CLOSE [X]
kontan.co.id
banner langganan top
| : WIB | INDIKATOR |
  • EMAS 1.527.000   14.000   0,93%
  • USD/IDR 15.675   65,00   0,41%
  • IDX 7.287   43,33   0,60%
  • KOMPAS100 1.121   3,73   0,33%
  • LQ45 884   -2,86   -0,32%
  • ISSI 222   1,85   0,84%
  • IDX30 455   -2,30   -0,50%
  • IDXHIDIV20 549   -4,66   -0,84%
  • IDX80 128   0,06   0,05%
  • IDXV30 138   -1,30   -0,94%
  • IDXQ30 152   -0,90   -0,59%

Pemerintah pangkas bujet belanja 80 kementerian


Rabu, 11 Juni 2014 / 11:54 WIB
Pemerintah pangkas bujet belanja 80 kementerian
ILUSTRASI. IHSG jeblok di awal tahun. Saham-saham berkapitalisasi besar penggerak IHSG pun tidak luput dari penurunan harga. ANTARA FOTO/Hafidz Mubarak A/rwa.


Reporter: Tedy Gumilar | Editor: Imanuel Alexander

Jakarta. Sejak dua pekan lalu, 80 kementerian dan lembaga pemerintah betul-betul sedang pusing. Penyebabnya, apa lagi kalau bukan Instruksi Presiden Nomor 4 Tahun 2014 tentang Penghematan dan Pemotongan Anggaran Pendapatan dan Belanja Negara (APBN) 2014 yang terbit 19 Mei lalu.

Bagaimana tidak? Ke-80 kementerian dan lembaga itu harus memangkas bujet belanja mereka tahun ini dengan jumlah yang tidak sedikit. Total anggaran yang mesti mereka pangkas mencapai Rp 100 triliun. Padahal, tahun anggaran 2014 sudah masuk bulan keenam.

Jelas bukan perkara yang gampang menggunting anggaran segede itu. Tak heran, banyak kementerian dan lembaga yang mengeluh. Sebab bagi mereka, memangkas anggaran dengan nilai yang tidak kecil bak mission impossible.

Kementerian Pekerjaan Umum (PU), misalnya, harus memotong bujet belanja sebesar Rp 22,75 triliun, setara 27% dari total anggaran Rp 84,75 triliun. Kalau ditelan mentah-mentah, banyak proyek infrastruktur yang sudah mereka tender harus dibatalkan.

Menurut Djoko Mursito, Kepala Pusat Komunikasi Publik Kementerian PU, pemotongan anggaran lembaganya yang tidak menimbulkan risiko hanya sebesar Rp 4,13 triliun. “Kalau Rp 22,75 triliun bisa mengganggu pencapaian rencana kerja pemerintah seperti pembangunan jalan baru,” tegasnya.

Tapi, pemerintah harus mengambil langkah penghematan anggaran kementerian dan lembaga. Kalau tidak, defisit APBN 2014 bisa mencapai 4,69% dari produk domestik bruto (PDB) gara-gara subsidi energi, yakni bahan bakar minyak (BBM) dan listrik, membengkak Rp 110,03 triliun atau 39% menjadi Rp 392,13 triliun.

Dukungan capres

Pemerintahan Susilo Bambang Yudhoyono (SBY) memilih jalan yang lebih aman ketimbang mengurangi subsidi BBM. Soalnya, untuk memangkas subsidi BBM, Presiden SBY harus mengambil langkah sangat tidak populer seperti mengerek harga BBM bersubsidi.

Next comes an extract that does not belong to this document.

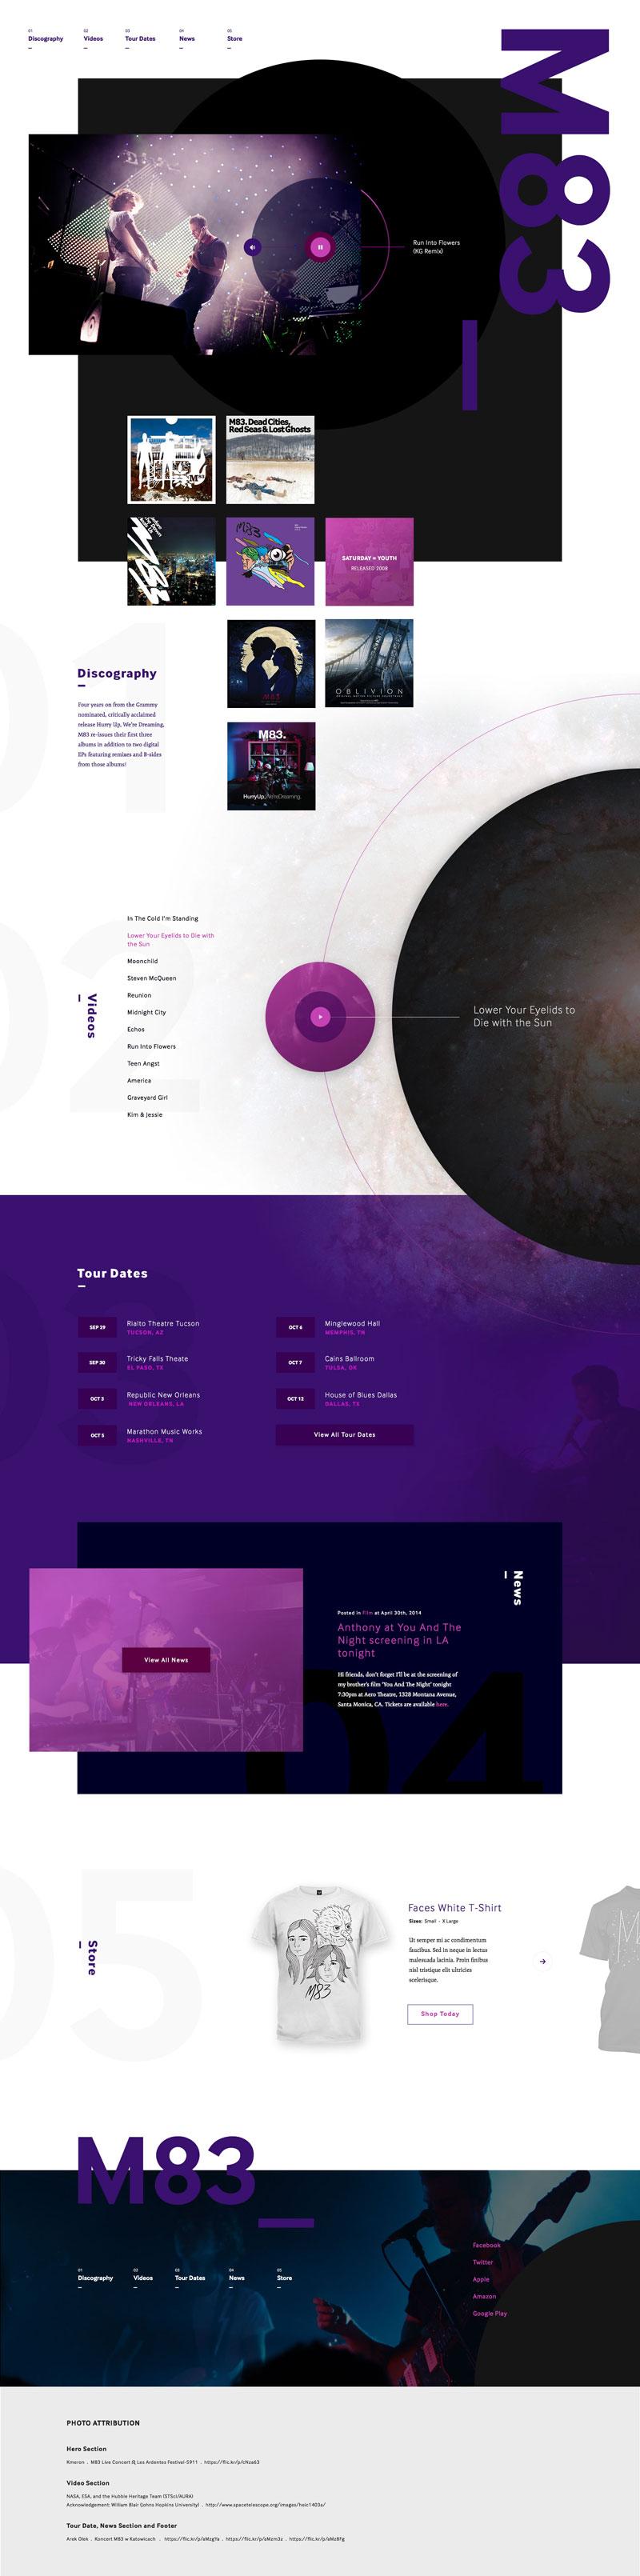 Creative Music Website Designs for Inspiration

Hanya, tetap terbuka kemungkinan, kebijakan kenaikan harga BBM bersubsidi lahir di ujung Pemerintahan SBY. Syaratnya, harus ada dukungan dari dua calon presiden yang akan bertarung dalam pemilihan presiden (pilpres), 9 Juli nanti: Prabowo Subianto dan Joko Widodo (Jokowi).

Intinya, jika ada pernyataan dari keduanya, pemerintah tidak segan menaikkan harga BBM bersubsidi. “Kalau dua kandidat presiden menyatakan secara terbuka saya meminta kenaikan harga BBM, atau partai-partai menyatakan secara resmi kami meminta kenaikan harga BBM demi masa depan. Maka, ini bisa dibicarakan presiden dan pemerintah,” kata Menteri Keuangan Chatib Basri dalam rapat dengan Badan Anggaran DPR, Selasa (3/6).

Seolah gayung bersambut. Sehari setelah pernyataan Chatib, usai pemaparan platform ekonomi di hadapan pengusaha, Jokowi mengisyaratkan akan mendongkrak harga BBM bersubsidi jika terpilih menjadi presiden. “Subsidi kita saat ini dinikmati bukan oleh masyarakat tidak mampu. Jadi, lebih baik alihkan ke subsidi pupuk untuk petani,” ujarnya.

Meski sampai saat ini Prabowo belum menyatakan secara terbuka sikapnya, Ketua Dewan Pakar Partai Gerindra Burhanuddin Abdullah bilang, kenaikan harga BBM bersubsidi juga menjadi opsi jika Prabowo menang dalam pilpres. “Bahkan pada awal pemerintahan harus mulai dipikirkan,” katanya.

Ya, kalau pemerintah berani mengurangi subsidi BBM, tentu pemotongan belanja kementerian dan lembaga tidak harus sampai Rp 100 triliun. Berhemat jangan setengah hati. Paling tidak meringankan PR berat bagi pemerintah mendatang.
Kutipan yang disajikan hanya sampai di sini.